# EXERCISE GOAL
Pictures aside, every line of the listing should be given again exactly.

# MATERIAL PROVIDED
#####
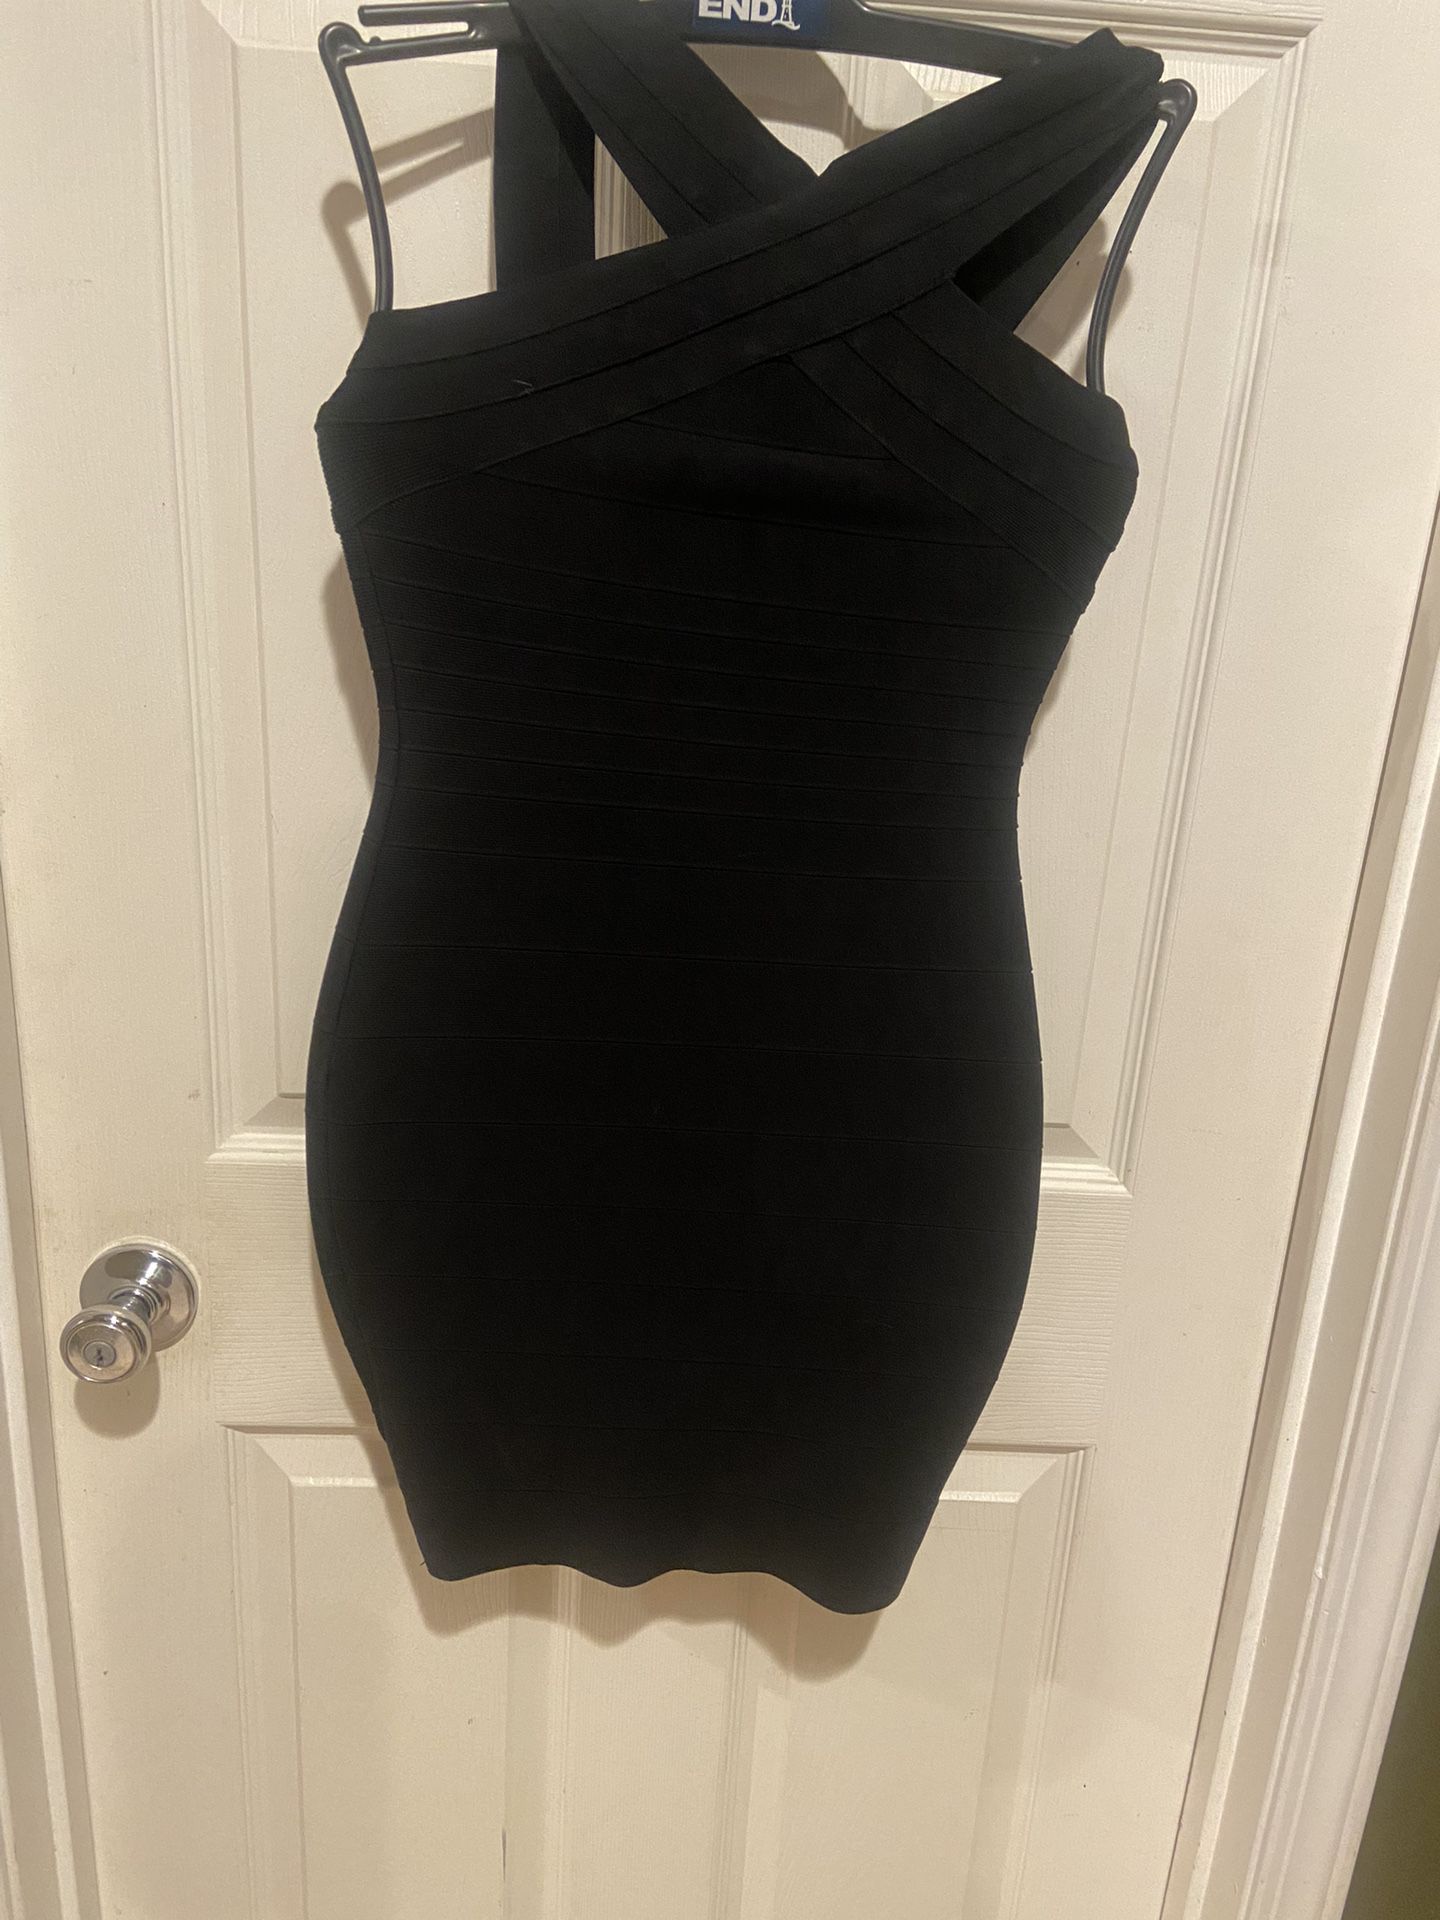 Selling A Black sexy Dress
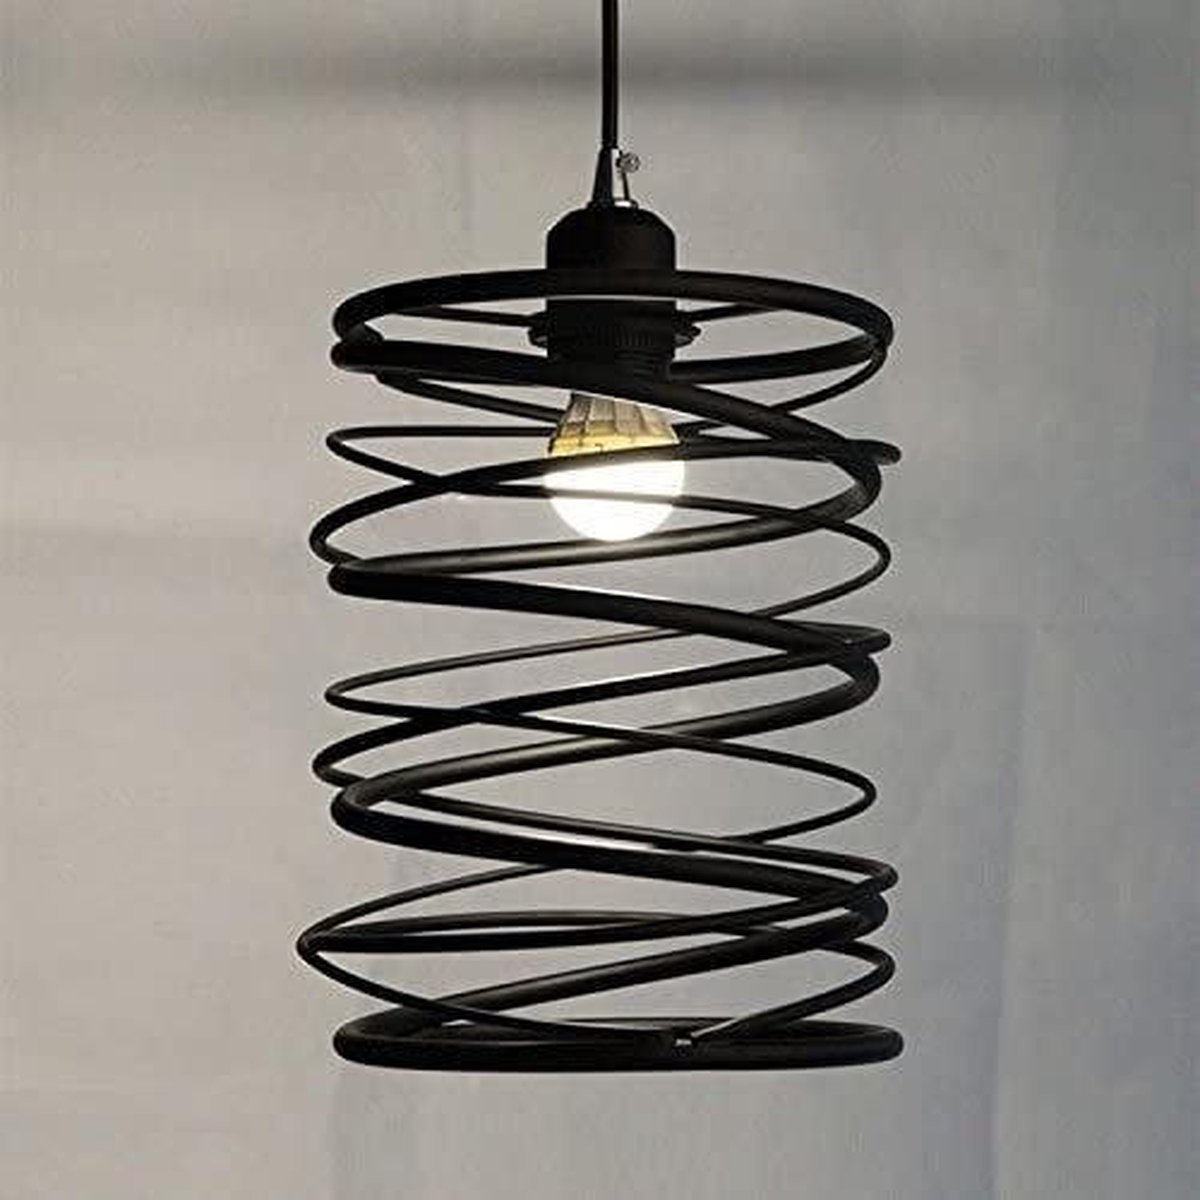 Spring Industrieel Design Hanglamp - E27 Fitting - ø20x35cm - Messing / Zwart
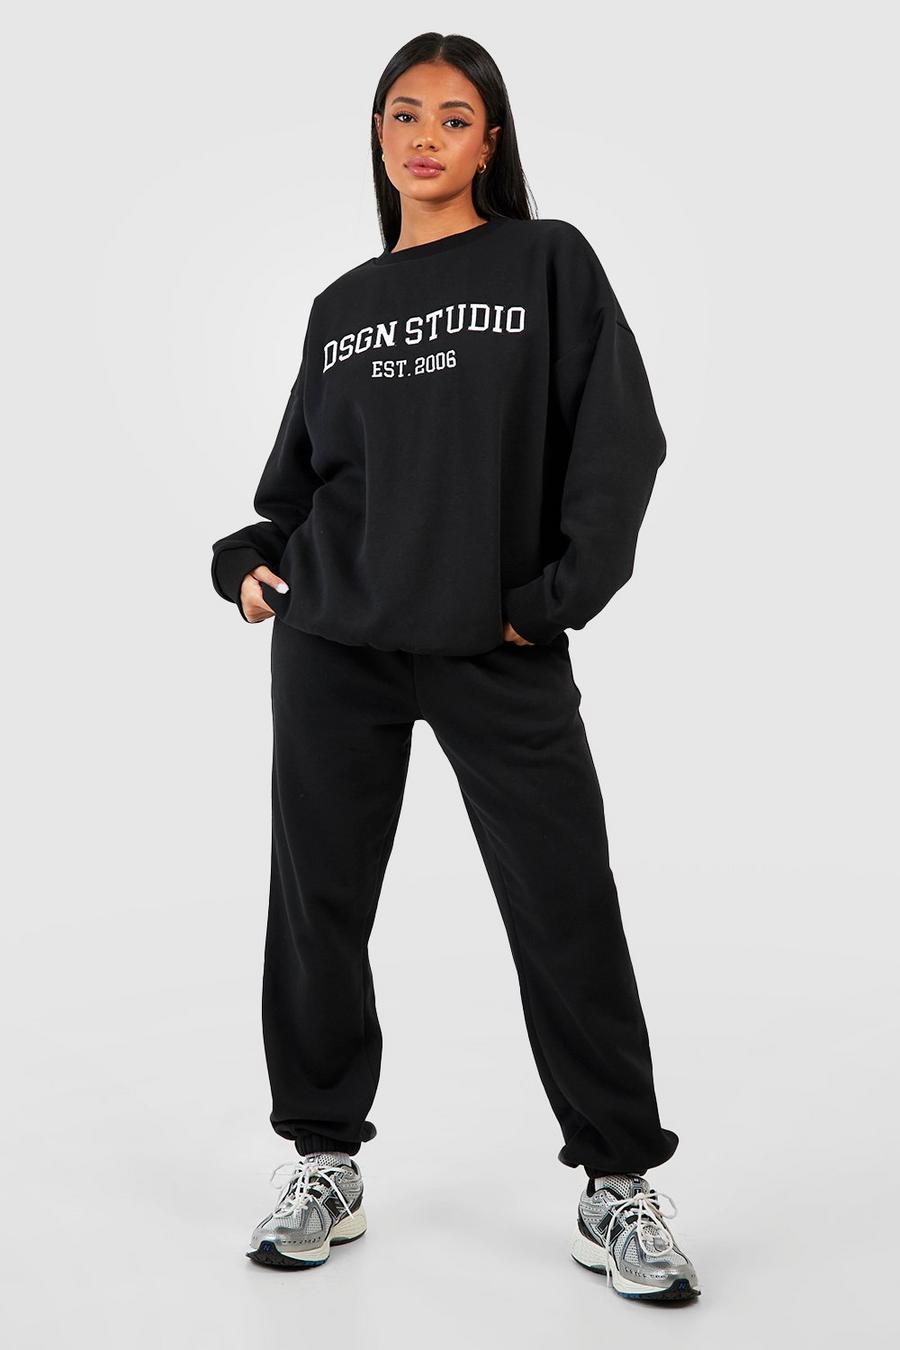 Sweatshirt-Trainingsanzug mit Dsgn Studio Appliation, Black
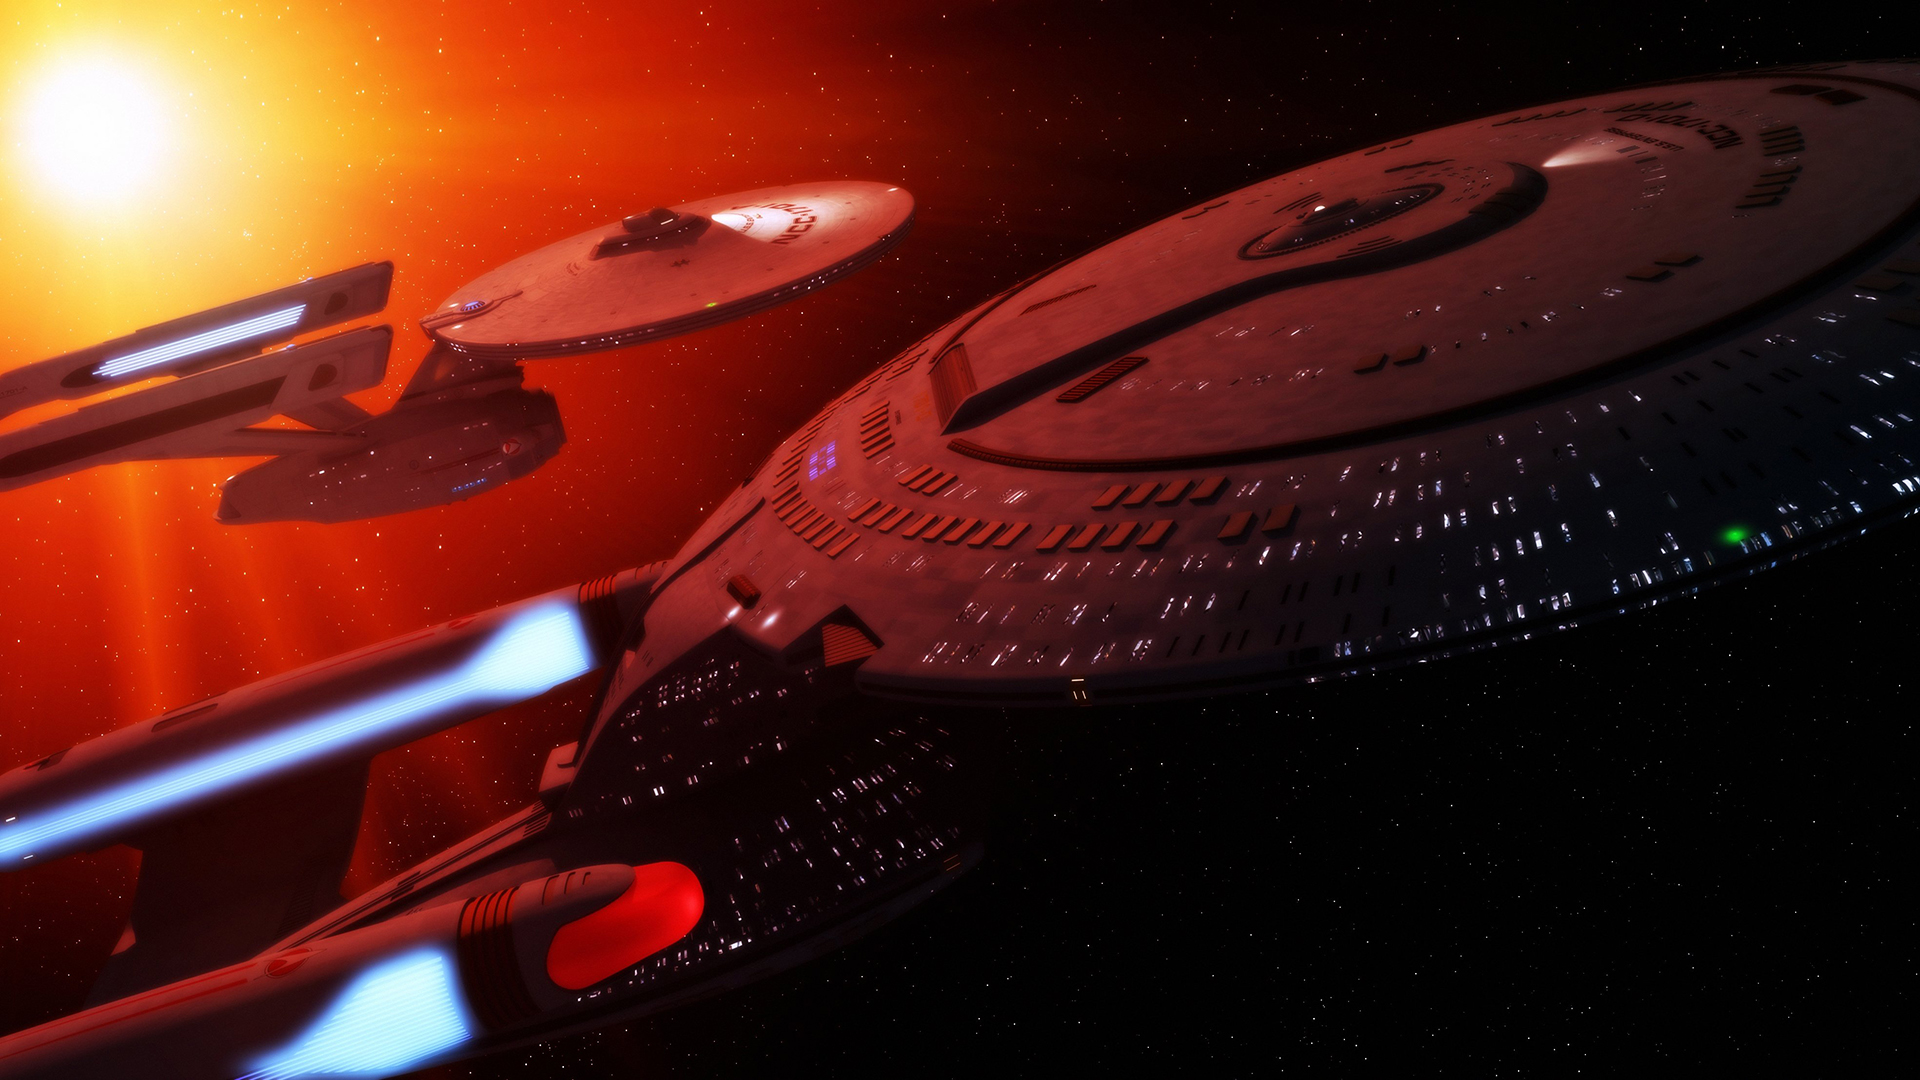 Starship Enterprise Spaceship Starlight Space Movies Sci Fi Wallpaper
#####
# YOUR RESPONSE
 Selling A Black sexy Dress
 Spring Industrieel Design Hanglamp - E27 Fitting - ø20x35cm - Messing / Zwart
 Sweatshirt-Trainingsanzug mit Dsgn Studio Appliation, Black
 Starship Enterprise Spaceship Starlight Space Movies Sci Fi Wallpaper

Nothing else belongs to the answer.